9.2. True or false, with a one-line reason each: (a) Every square matrix has an inverse. (b) A matrix with a column of all zeros is singular. (c) If $\det(A) = 0$ then $A$ is invertible. (d) The inverse of a rotation is a rotation. (e) $(AB)^{-1} = A^{-1}B^{-1}$ for all invertible $A, B$.

9.3. A transformation squashes the whole plane onto a single line through the origin. Is it invertible? Explain in terms of information lost.
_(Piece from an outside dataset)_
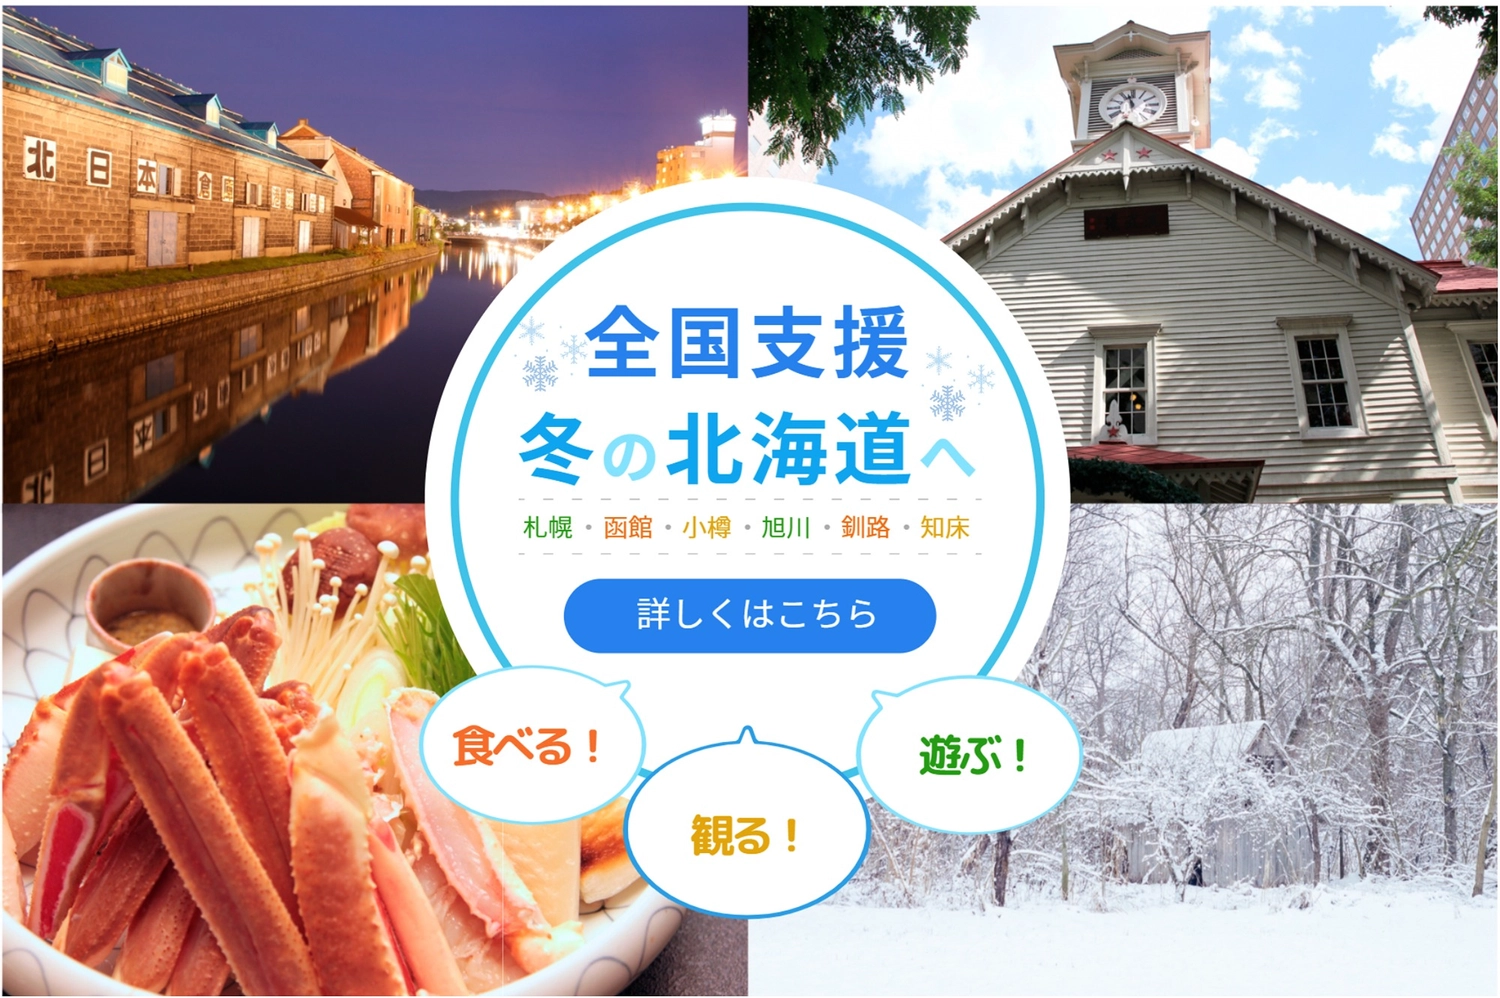 北海道写真満載で全国支援のバナー, 冬, カニ, 時計台, バナーテンプレート

9.4. List four equivalent conditions, from the Invertible Matrix Theorem, for a square matrix $A$ to be invertible. For each, state the geometric meaning in a few words.

9.5. Why is $(AB)^{-1} = B^{-1}A^{-1}$ rather than $A^{-1}B^{-1}$? Give the "socks and shoes" explanation in one sentence.

9.6. You need to solve $A\mathbf{x} = \mathbf{b}$ once for a $1000\times 1000$ matrix $A$. Should you compute np.linalg.inv(A) @ b or np.linalg.solve(A, b)? Give two reasons.

9.7. A classmate says "the determinant of my matrix is $0.0001$, so it's almost singular and I shouldn't trust the inverse." Is the size of a nonzero determinant a reliable measure of near-singularity? What is the right measure (name it)?

9.8. Which of the six standard transformations from Chapter 7 (identity, scaling, rotation, shear, reflection, projection) is the only one with no inverse, and why?


⭐⭐ Computation (by hand)

9.9. Use the $2\times 2$ shortcut to invert each, or state that it's singular: (a) $\begin{bmatrix}4 & 3 \\ 1 & 1\end{bmatrix}$ (b) $\begin{bmatrix}2 & 4 \\ 1 & 2\end{bmatrix}$ (c) $\begin{bmatrix}0 & -1 \\ 1 & 0\end{bmatrix}$ (d) $\begin{bmatrix}5 & 0 \\ 0 & 2\end{bmatrix}$.

9.10. Invert $A = \begin{bmatrix}1 & 2 & 3 \\ 0 & 1 & 4 \\ 0 & 0 & 1\end{bmatrix}$ by Gauss-Jordan on $[A\,|\,I]$. (It's upper-triangular with $1$s on the diagonal, so the work is light.) Verify your answer satisfies $AA^{-1} = I$ by hand.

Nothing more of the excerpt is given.